Despite widespread vaccination efforts, recurrent outbreaks of ND continue to pose challenges to both commercial and rural chicken farms in Ethiopia, and the circulating virulent NDV strains differ genetically from the vaccination strains, raising concerns about the effectiveness of existing immunization strategies (Fentie et al., 2014; Dimitrov et al., 2016). This study aims to address the gaps in understanding by comparing antibody titres in vaccinated chickens using different administration methods, measuring the persistence of maternally generated antibodies, and assessing the protection levels against virus challenge in both vaccinated and unvaccinated layer chicken groups. The findings are crucial for enhancing the efficiency of ND prevention and control strategies in poultry farming contexts.

2. MATERIALS AND METHODS

2.1. Study areas

The study was conducted in the Amibara district, which is situated between Latitude 9° 39′ 59.99″ N and Longitude 40° 19′ 60.00″ E. Werer and Addis Ababa are separated by a driving distance of 291 km. The study was carried out at the Werer Agricultural Research Center, which is located in the Ethiopian region of Afar, at the Institute of Agricultural Research in Ethiopia. The climate in the study area is mainly arid to semi‐arid, with average temperatures ranging from 25 to 42°C and average rainfall of 560 mm per year.

2.2. Experimental house

An experimental house contains 20 pins (2m × 2m), carefully disinfected, provided with teff straw as bedding on the floor. The house was disinfected using a 1% formalin solution. Buckets, feeders and other equipment were cleaned and sterilized before being placed inside the house. The house was left in its current location for 40 days before introducing the chickens.

2.3. Study chickens

A total of 140‐day‐old Lohmann Brown chicks were acquired from Alema farm in Bishoftu, Ethiopia, all of which had a history of being vaccinated against ND by their parent stock. The chicks were raised at the Werer Agricultural Research Center in deep litter with access to water and food, and strict biosecurity measures were implemented. All groups of chicks received the same feed and water ad libitum throughout the experiment.

2.4. Vaccines and antigens

ND vaccines, namely La Sota, Hitchner B1 and thermostable I2, produced by the National Veterinary Institute in Bishoftu, Ethiopia, were administered to vaccinate chickens. Hitchner B1 and La Sota are class II genotype II viruses used as live vaccines worldwide, whereas thermostable I2 is a class II genotype I virus of Australian origin employed as a thermostable live vaccine. These vaccines were frequently distributed upon request to both large‐scale and small‐scale commercial producers but were rarely used to vaccinate rural family chickens in response to outbreaks.
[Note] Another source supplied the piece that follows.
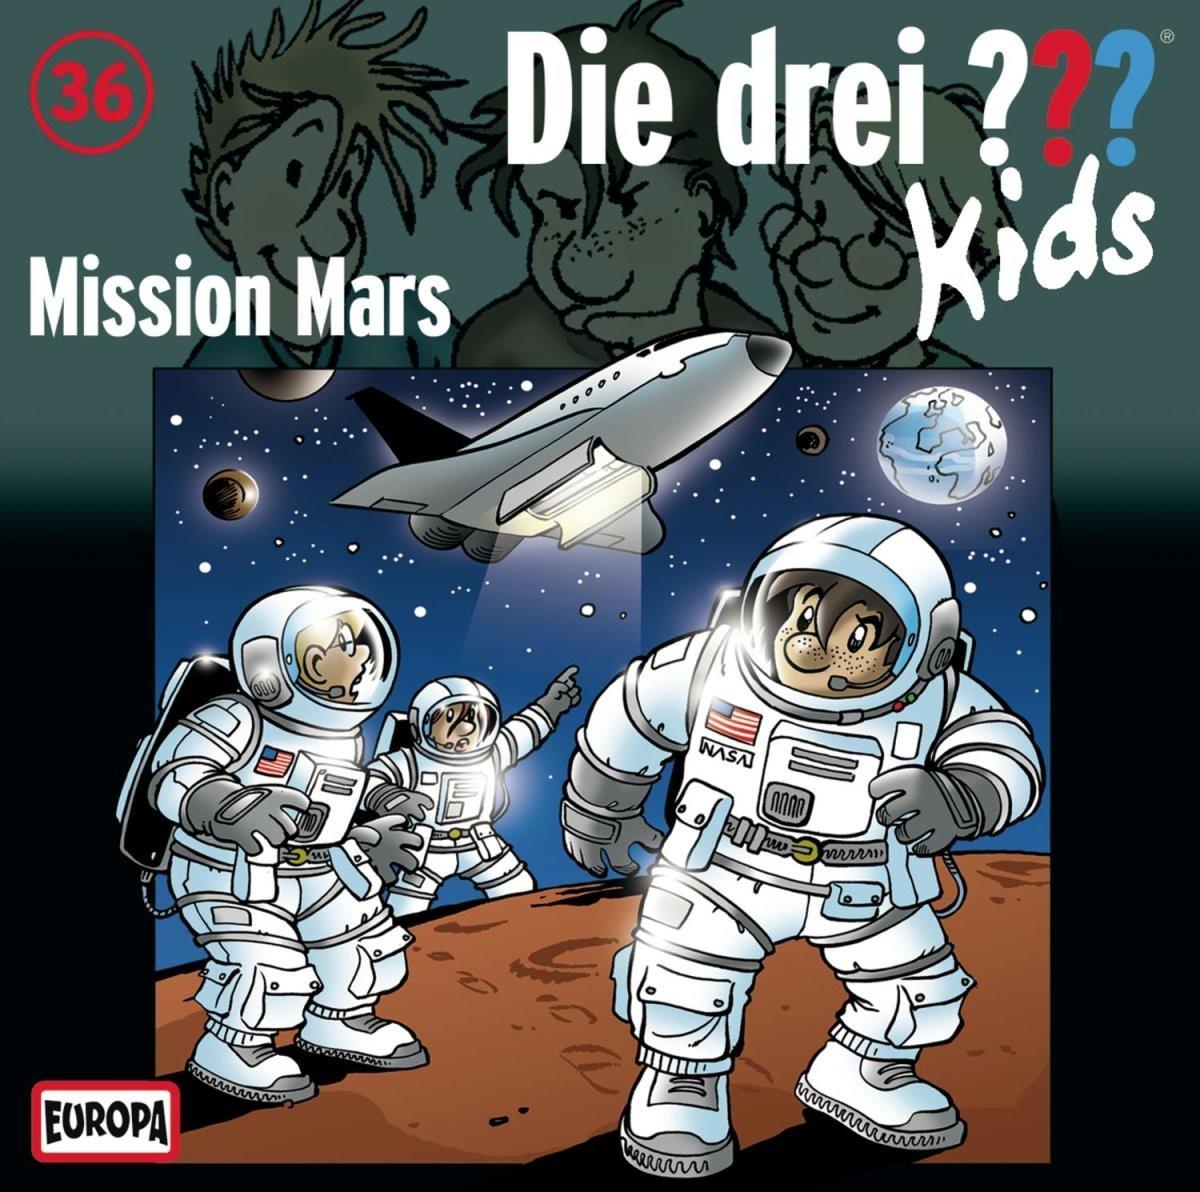 Die drei ??? Kids Folge 36 Mission Mars

The lyophilized La Sota, Hitchner B1 and thermostable I2 vaccines, each with a titre of 107 EID50 per dose, were used after reconstitution into the recommended dilution. Experimental chickens were vaccinated using the eye drop (0.1 mL) method (Ellakany et al., 2018).

2.5. Study design

In the study, 140 day‐old mixed‐sex layer chickens (Lohmann Brown) were distributed into seven groups using the complete random design approach. Each group consisted of 20 randomly assigned chicks. Groups 1–3 were vaccinated with single dose of vaccines at different ages, whereas groups 4–6 received double dose. All vaccinated chickens in groups 1–6 received the NDV vaccine through ocular instillation according to manufacturer guidelines (National Veterinary Institute, Ethiopia). Group 7 served as the unvaccinated control. Table 1 shows the permutations between the three vaccines used. The vaccine administration followed established protocols using a calibrated eye dropper (Alders & Spradbrow, 2001).

TABLE 1.

Experimental design and vaccination schedule.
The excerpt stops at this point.